CHICAGO (FAXX/jGLi) – Lawyers in Illinois facing punitive damage claims can be compelled to disclose their “personal financial information” so it can “lead to purposeful discussions of settlement, which can lead to a more effective use of the court’s resources.”
In granting the motion of the Cook County Public Guardian Robert F. Harris to compel Filipino American lawyer Alfonso S. Bascos Tuesday (June 4), Cook County Circuit Court Associate Judge Lynne Kawamoto supported the argument raised by Atty. James Burton during the oral argument of the case filed on behalf of disabled person, Marshall F. Davies, against Davies’ Filipino American caregiver Carmelita Pasamba and others that when “a financial wealth of a respondent is a case where punitive damages are pled, a judge or jury can properly access an award of punitive damages to punish the wrongdoer.”
Bascos’ Filipino American lawyer Arcadio Joaquin Jr. argued that the Public Guardian is “not entitled to seek discovery as to his (lawyer’s) personal wealth since no judgment has been entered against him and that the request for financial information is not relevant to the case at bar.”
Joaquin said the request for disclosure of Bascos’ personal financial assets is “not competent, relevant and material.” It is also “premature” at the “pre-trial stage” and would be a “serious invasion of privacy.”
However, citing precedents (Powers v. Rosine and Central Bank-Granite City v. Ziaee), Burton said, “(c)ontrary to his (Bascos’) position, Illinois courts have long held that personal financial information is relevant and discoverable prior to trial if punitive damages are claimed.”
Bascos, 76, is being cited in a case for citation to recover assets, alleging two counts against him for conspiracy and legal malpractice and the Public Guardian is seeking punitive damages for each count.
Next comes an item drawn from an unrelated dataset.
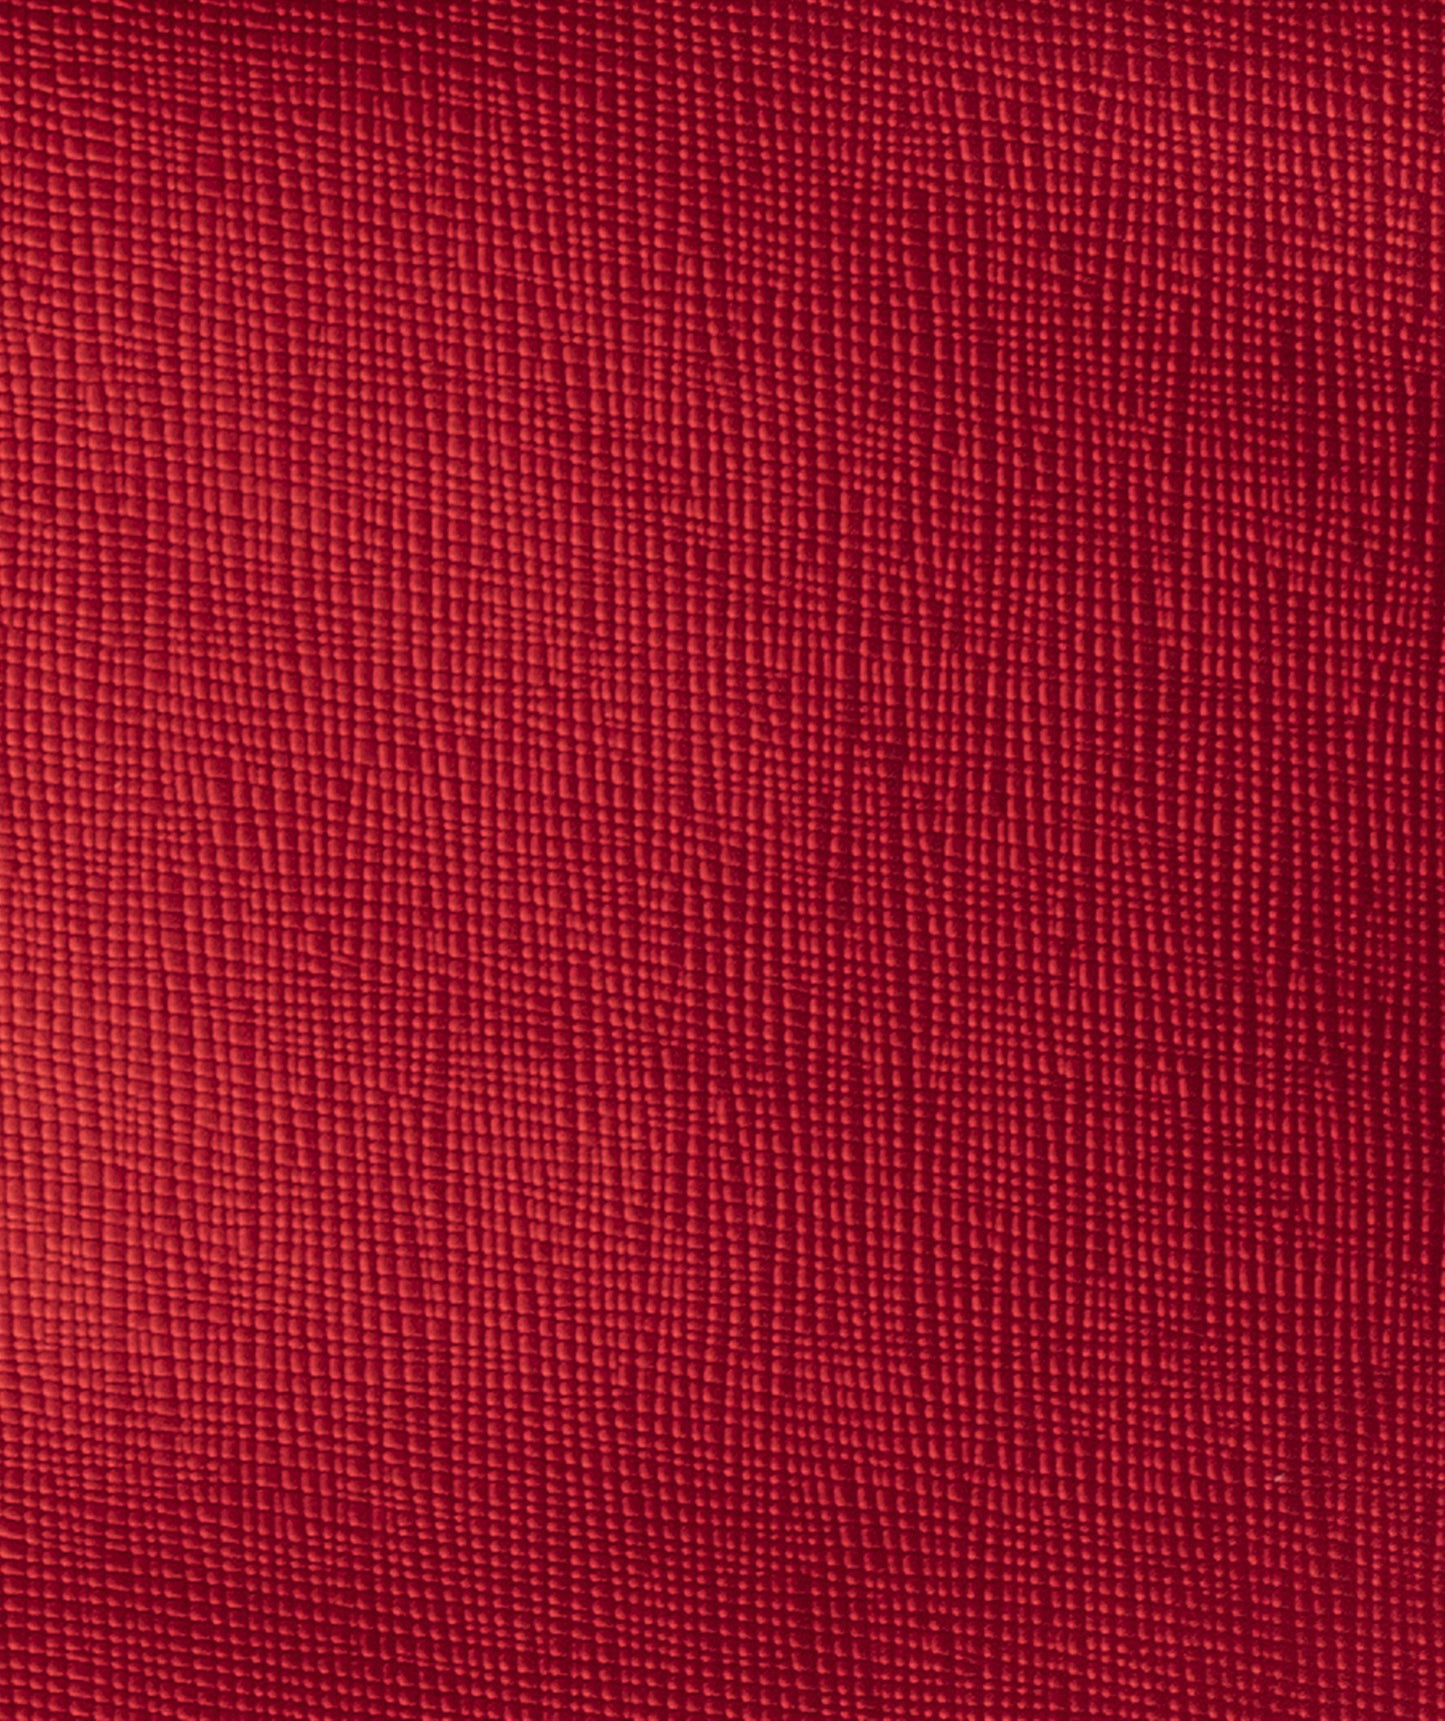 Embossed Cross Grain Wrapping Paper Roll Red

BASCOS’ CHARITIES & PASAMBA GET 2/3 OF DAVIES’ ESTATE
Bascos’ charities at the Filipino American Council of Greater Chicago (FACC) and Carmelita Pasamba would “inherit two-thirds of Mr. Davies’s estate upon the death of Mr. Davies,” a demented, elderly man, who lost more than $536,000 to Pasamba, Pasamba’s sister, Jocelyn Baker, her adult children, Donabel Copon and Dennis Pasamba, her husband, Edgardo Pasamba, and St. Joseph Hospital, according to Burton’s motion.
Ms. Pasamba, Edgardo Pasamba and Baker would receive thousands of dollars upon Mr. Davies’ death based on the power of attorney, pour-over will and trust drafted by Bascos.
In furtherance of the conspiracy, Bascos wrote letters to Catholic Charities Elder Protective Services to prevent the agency from learning that Carmelita Pasamba had converted more than $536,000 from Mr. Davies.
This led Judge Kawamoto to ask who Bascos was representing Davies or Pasamba? Burton clarified it was Davies’ fiduciary duties that Bascos breached. “Mr. Bascos failed to exercise undivided loyalty to Mr. Davies when he wrote letters assuring elder protective services that Carmelita Pasamba was not exploiting Mr. Davies.”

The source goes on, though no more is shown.